Whether active (i.e., reading their guidebook) or passive, few tourists seemed to recognize (I’m speculating, I admit) that there might be any other qualification for being where they were – in the holy places of European culture – than having paid.
Really? The gardens, the chapel, the temples are conscious "holy places" and have preferences about visitors and viewers? Does it, like, hurt them when unworthy eyes are looking at them? And what about the locals who live in those places? Are they properly humble before the cultural treasures that by merest chance of birth they live among? Should those treasures be reserved for the truly wise ones who can appreciate them, and the oxlike locals shut out?

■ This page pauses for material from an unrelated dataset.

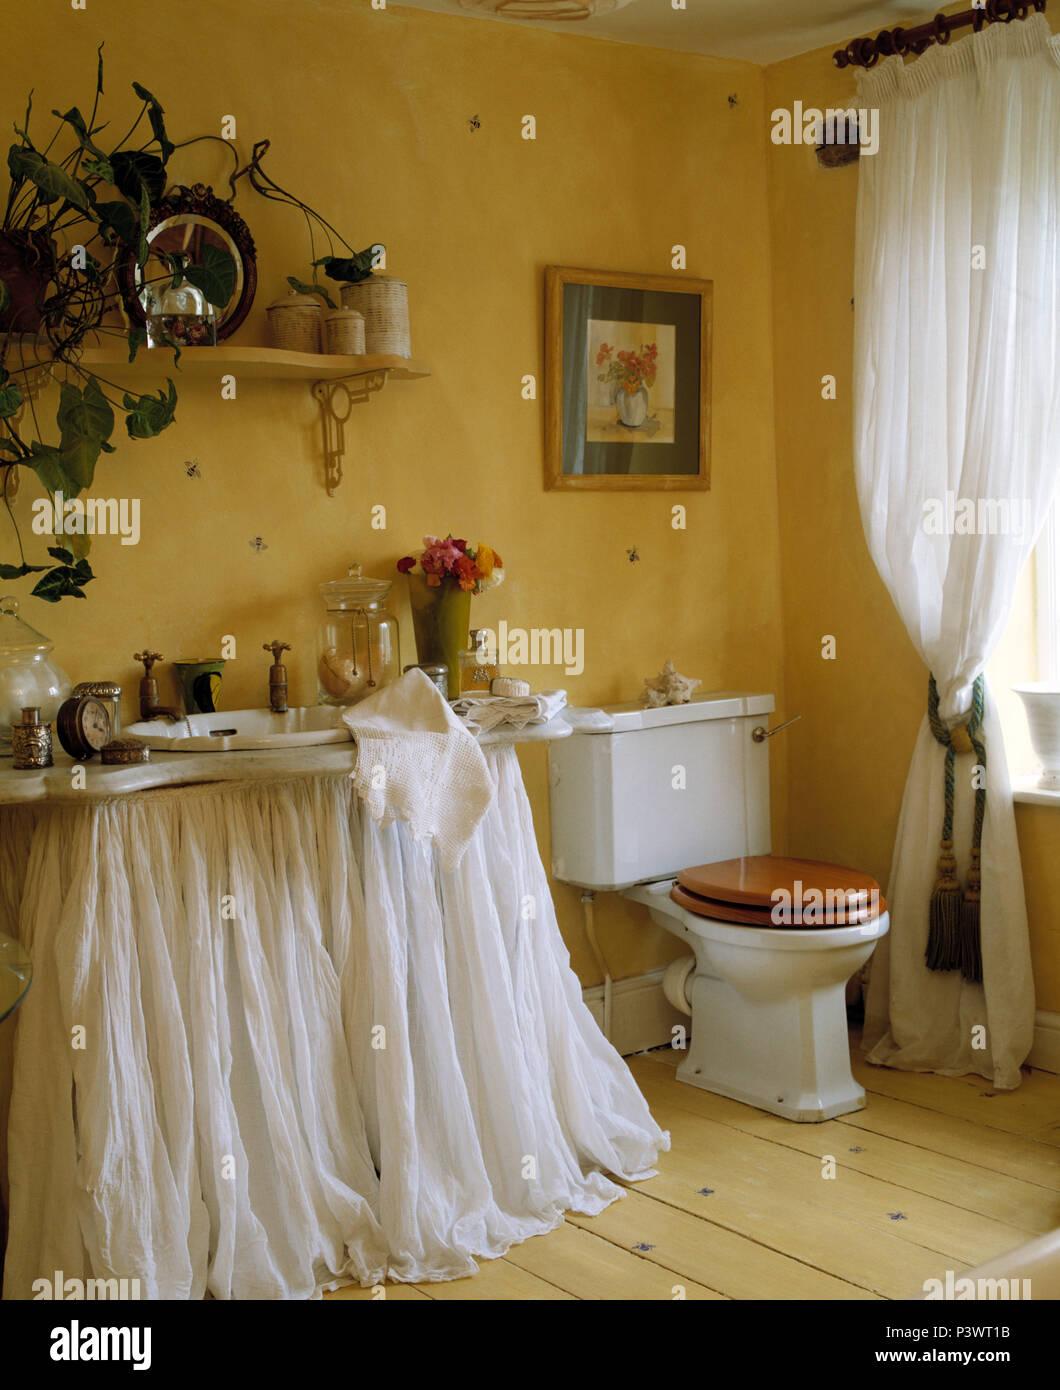 Rideaux de mousseline blanche belo bassin en blanc jaune salle de ...
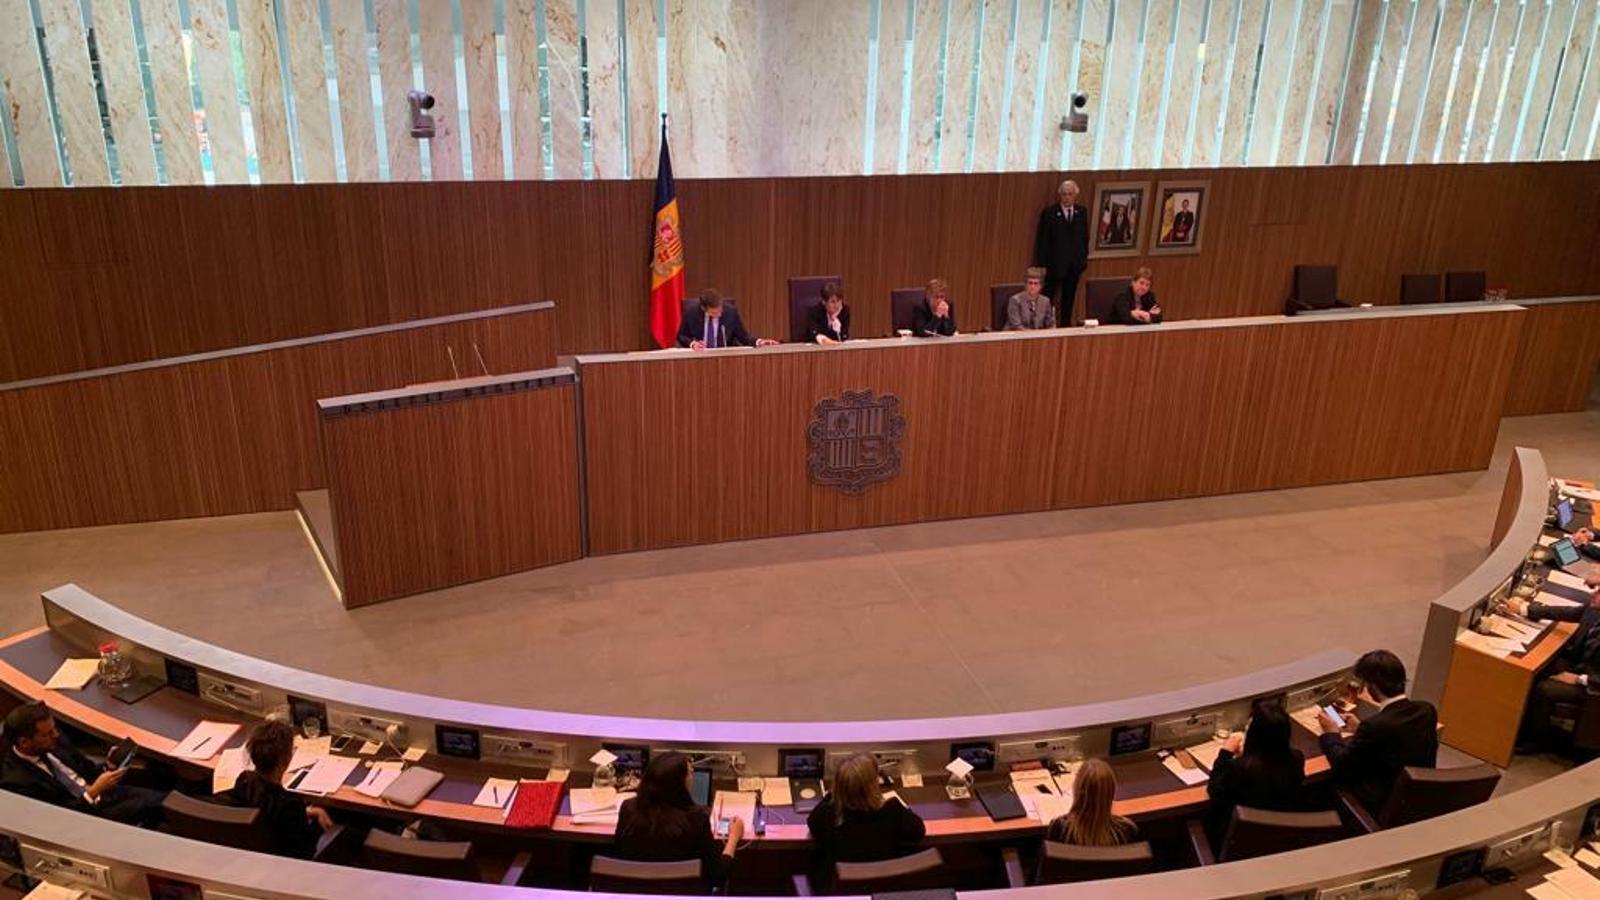 Sessió ordinària de preguntes al Govern en el Consell General. / C. A. (ANA)

Scialabba then quotes Ortega's by-now familiar lines and comments:
Ortega’s mistake – what made him a conservative – was his assumption that this distinction between high-quality and low-quality human beings, between creative and critical people on the one hand and passive consumers and conformists on the other, was a metaphysical distinction, was just a fact of human nature. He never considered that increasing the number of the responsible, the cultivated, the noble from generation to generation might be possible through a supreme effort of democratic pedagogy. He went, that is, only part of the way with William Morris and Oscar Wilde toward the loftiest conception of socialism yet devised.
It's mighty big of Scialabba to grant that Ortega was wrong in assuming that this distinction "was just a fact of nature," and could be mitigated through "a supreme effort of democratic pedagogy." Once again the missionary impulse to save the proles from themselves raises its head, and there's good historical as well as logical reason to distrust it. Me, I'm not sure that a supreme effort is needed, or even desirable, because I don't know what is the metaphysically correct mindset to bring to "the holy places of European culture", nor do I know how Scialabba could know that all those tourists were motivated purely by commercialism and were unworthy to bring their unclean eyes unto them.

I don't believe in holy places anyway, and many of the glories of European culture were created for "the masses" in the first place. Did they appreciate those treasures in the way Scialabba thinks they should have? (Did London groundlings genuflect at the first performances of Shakespeare's immortal dramas?) It's not for Scialabba, or for me, to decide.